Directions for this task
Scan the records that follow, and whenever a line has the word "High", copy it.
START Records for this exercise
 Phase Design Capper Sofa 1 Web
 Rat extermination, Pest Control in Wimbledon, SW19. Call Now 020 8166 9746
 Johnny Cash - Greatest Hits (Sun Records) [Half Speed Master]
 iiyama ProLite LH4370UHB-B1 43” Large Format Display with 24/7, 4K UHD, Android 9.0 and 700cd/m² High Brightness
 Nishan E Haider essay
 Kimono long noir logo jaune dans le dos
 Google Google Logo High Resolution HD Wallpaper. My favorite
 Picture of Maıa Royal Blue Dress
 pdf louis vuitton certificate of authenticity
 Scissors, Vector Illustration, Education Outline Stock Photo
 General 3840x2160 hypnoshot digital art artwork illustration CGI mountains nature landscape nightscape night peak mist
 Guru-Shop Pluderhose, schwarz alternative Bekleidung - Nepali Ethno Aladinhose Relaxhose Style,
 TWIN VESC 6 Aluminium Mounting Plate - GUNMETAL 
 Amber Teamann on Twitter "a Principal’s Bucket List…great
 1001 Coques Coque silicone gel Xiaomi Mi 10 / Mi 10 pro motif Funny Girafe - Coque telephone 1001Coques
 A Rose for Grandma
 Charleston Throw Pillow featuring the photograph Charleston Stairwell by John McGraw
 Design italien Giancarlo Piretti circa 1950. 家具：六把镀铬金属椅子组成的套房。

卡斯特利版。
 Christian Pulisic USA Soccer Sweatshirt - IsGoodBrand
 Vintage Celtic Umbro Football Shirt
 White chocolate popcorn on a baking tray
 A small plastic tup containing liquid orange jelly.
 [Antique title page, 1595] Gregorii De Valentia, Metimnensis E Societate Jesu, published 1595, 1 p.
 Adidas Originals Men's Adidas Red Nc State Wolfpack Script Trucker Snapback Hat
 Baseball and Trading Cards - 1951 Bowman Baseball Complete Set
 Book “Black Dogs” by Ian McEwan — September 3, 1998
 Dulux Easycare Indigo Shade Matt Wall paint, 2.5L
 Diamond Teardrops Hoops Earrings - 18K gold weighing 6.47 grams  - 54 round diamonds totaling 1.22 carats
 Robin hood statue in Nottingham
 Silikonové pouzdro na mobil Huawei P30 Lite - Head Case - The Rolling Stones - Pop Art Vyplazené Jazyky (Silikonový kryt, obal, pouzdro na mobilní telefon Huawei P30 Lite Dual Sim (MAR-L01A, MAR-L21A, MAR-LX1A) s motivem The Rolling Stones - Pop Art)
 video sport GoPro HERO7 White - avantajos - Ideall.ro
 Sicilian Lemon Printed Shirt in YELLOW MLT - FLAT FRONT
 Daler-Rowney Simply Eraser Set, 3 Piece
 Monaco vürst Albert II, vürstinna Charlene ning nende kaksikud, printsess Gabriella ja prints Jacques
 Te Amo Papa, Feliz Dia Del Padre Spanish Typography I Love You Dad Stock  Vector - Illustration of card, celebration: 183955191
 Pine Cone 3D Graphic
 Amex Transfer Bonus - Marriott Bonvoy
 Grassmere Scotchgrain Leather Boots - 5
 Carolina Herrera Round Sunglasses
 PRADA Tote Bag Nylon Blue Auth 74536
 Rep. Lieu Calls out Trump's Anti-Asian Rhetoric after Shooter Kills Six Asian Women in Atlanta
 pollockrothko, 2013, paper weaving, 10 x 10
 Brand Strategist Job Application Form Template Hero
END Records for this exercise
Output for this task
 iiyama ProLite LH4370UHB-B1 43” Large Format Display with 24/7, 4K UHD, Android 9.0 and 700cd/m² High Brightness
 Google Google Logo High Resolution HD Wallpaper. My favorite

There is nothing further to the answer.